Our mother is the same but our father is not the same.

Luckily my mother (in her late 80s) is still alive, so I asked her about our fathers.

She said my father was infertile, so she and my father used in vitro fertilization to give birth to my brother and me.

I wasn’t surprised when I found out that my brother and I were just half-siblings because we had never been that close.

The problem is my mom doesn’t want me to tell my brother. He is ashamed and doesn’t want anyone to know.

My brother has health problems and I sometimes go to doctor appointments with him.

He keeps telling doctors things like, “My father had a heart condition.”

I find it very difficult not to say anything.

My concern is that doctors may miss something if they rely on family history.

I really think my brother should know.

Our mother is also in poor health and I expect to lose her within the next year.

Should I wait until it passes to tell him?

Should I never tell him?

– I am not sure

Dear Not Sure: You don’t say how you know that you and your brother had different biological fathers; Except for the fact that you don’t feel any connection to him. Maybe your mother filled in some details that you didn’t include here, but if she and your father used in vitro fertilization to get you both pregnant, you should consider the possibility that they used the same male donor for both pregnancies. If so, you and your brother share DNA from both sides of the family.

Your mother seems to have gotten over this revelation and even though she says she doesn’t want anyone to know about it, you know and your brother needs to know too.

He has the right to know his own DNA. There are also health issues where knowing about parenting can make a significant difference.

You need to have a serious talk with your mother. Thank her for working so hard to bring you into the world and verifying this information for you. Tell him that your sibling has a right to know his DNA and offer to tell him about it, either on your own or with him.

Give him options: “I’ll tell him, or I’ll be here with you when you tell him. I will help you write him a letter or give you a phone call to support you. But it needs to be said.”

Dear Amy: My fiancé and I are planning our destination wedding this summer. We have a small guest list and made our plans conscious of the cost for our guests and the significant commitment that attending a destination wedding requires.

My mom is a pretty amazing person and although a destination wedding wasn’t her first choice for us, she’s a good sport. She and my father would prefer us to have a more traditional wedding in our hometown.

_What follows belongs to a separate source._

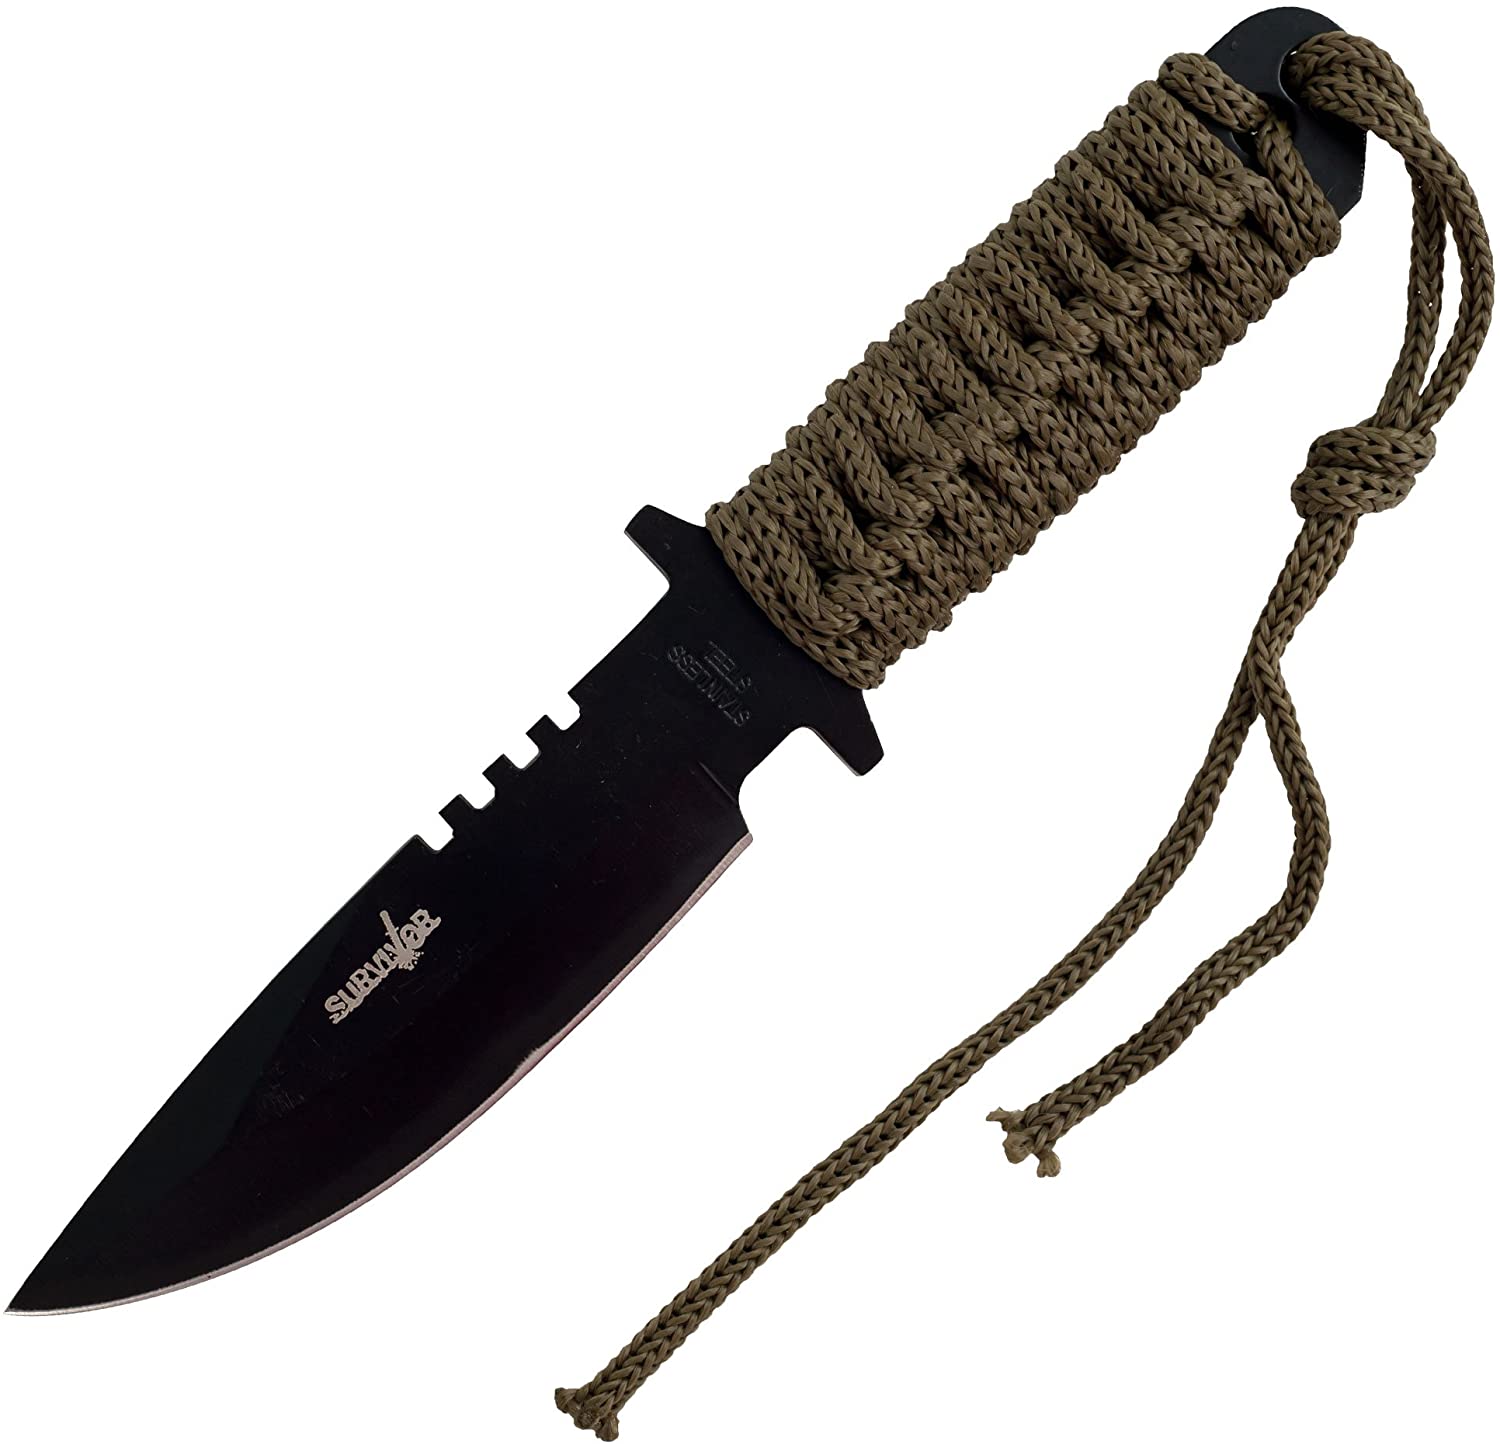 Survivor HK-7525 Fixed Blade Outdoor Knife, Black Blade, Military Green Cord-Wrapped Handle, 7.5-Inch Overall

But lately, my mom has started advocating that we include an old friend of hers who knows our wedding location and has expressed excitement about attending. I’ve met this woman (my fiancée hasn’t), but I’m not too keen on inviting this extra person. When I told my mother this, she offered to cover her friend’s travel expenses.

I feel pressured to admit this.

What do you think we should do?

– Clumsy Bride

Dear Incompetent: First, you should ask your mother why she is so enthusiastic about doing this. He may be reacting to pressure from his friend.

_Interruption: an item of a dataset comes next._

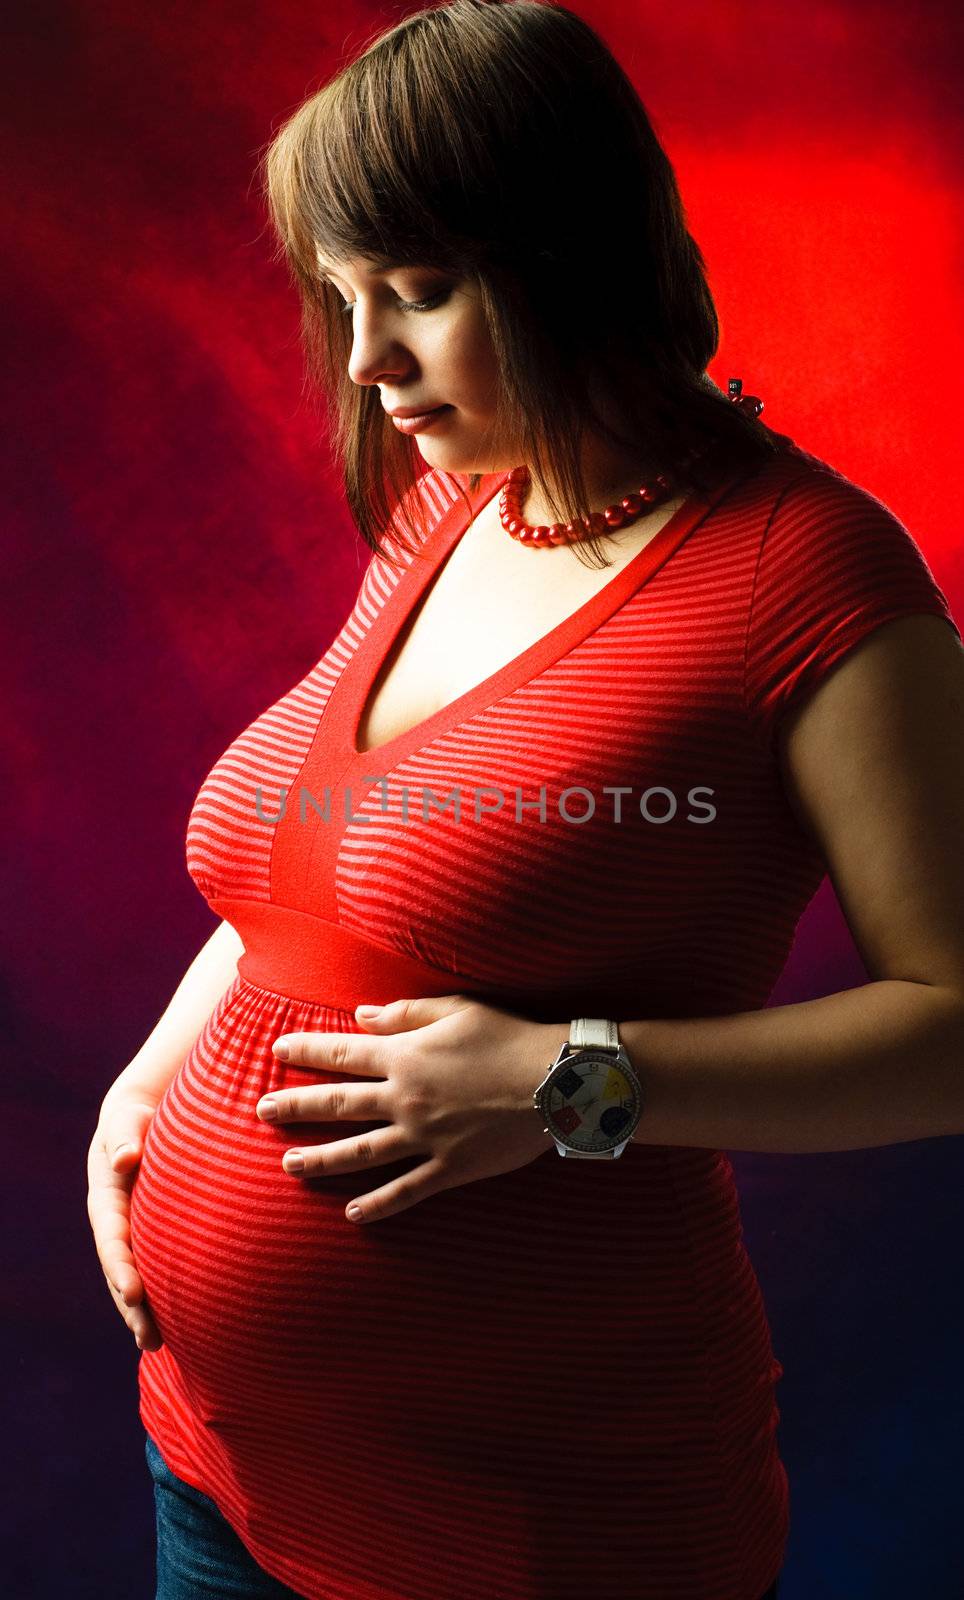 yougn pregnant woman by lanak

And then you and your fiancée should think about it (together) and drop the whole idea, unless you really want him there, which I don’t think you do.

Dear Amy: I disagree with your response to “Only the Messenger,” the hairdresser who saw her client’s husband’s picture on a dating site.

You suggested he send an anonymous message. Harassing messages sent anonymously are even more distressing.

It would be kinder to give him the facts in a non-judgmental way: “I noticed someone used your husband’s photo on a dating site.

You and him/her should check this to see who is using it.” There is no presumption that the husband is guilty. And never bring it up again.

– A reader

Dear Reader: Great advice. Thank you.